After Hong Kong Dog Passed Away, Chinese Animal Groups Sign Open Letter Urging Pet Owners Not To Abandon Or Cull Dogs In Response To Coronavirus
Photo by HSI
Sixty-five animal charities and pet shelters from across China have signed an open letter calling for compassion rather than cruelty to dogs and cat, in response to the coronavirus outbreak. News that an elderly dog in Hong Kong belonging to a coronavirus patient has died following weeks of quarantine and testing, has raised fears of an increase in pet abandonment. Although the dog ultimately tested negative, and the World Health Organization has made it clear that there is no evidence that dogs can infect humans, animal groups across China remain vigilant, with some shelters reporting higher than usual numbers of animals found wandering the streets.
An English translation of the letter supplied by the Chinese groups can be found below.

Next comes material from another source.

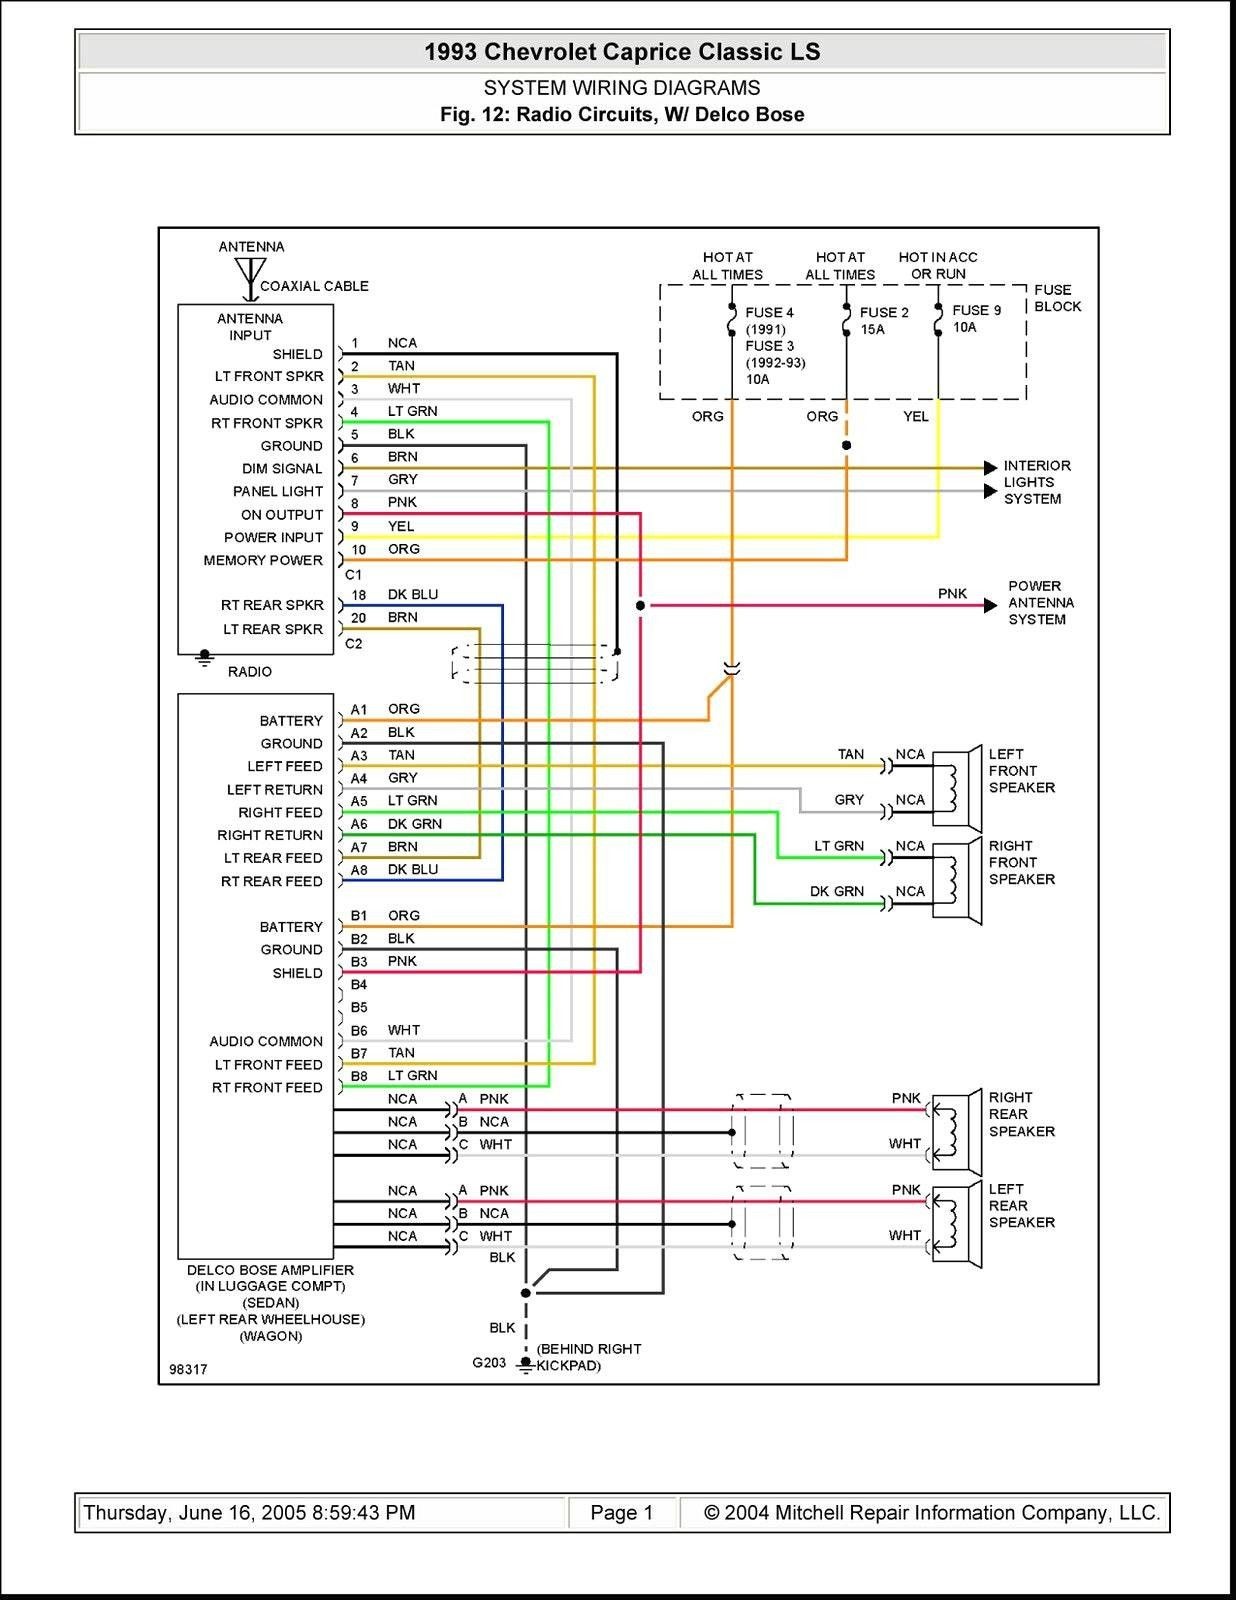 2004 Grand Cherokee Electrical Diagram 25 Good Sample Motor Control Panel Wiring Diagram Of 2004 Grand Cherokee Electrical Diagram

Groups in Beijing, Dalian, Shanghai, and beyond have appealed for people not to abandon or harm their pets, and urge local police forces and community officers not to carry out lethal culls of dogs. Last month there were a number of recorded incidents of dogs being brutally beaten to death in the street in Yongjia County, Zhejiang, and in Chengdu and Nanchong in Sichuan province. Most recently a video emerged of a pet dog being roughly caught by the neck by local dog catchers outside a Shanghai apartment block, and swung through the air into a cage on the back of a truck. The local government in Shanxi, North China, has also called for the closure of all pet hospitals and public dog walking.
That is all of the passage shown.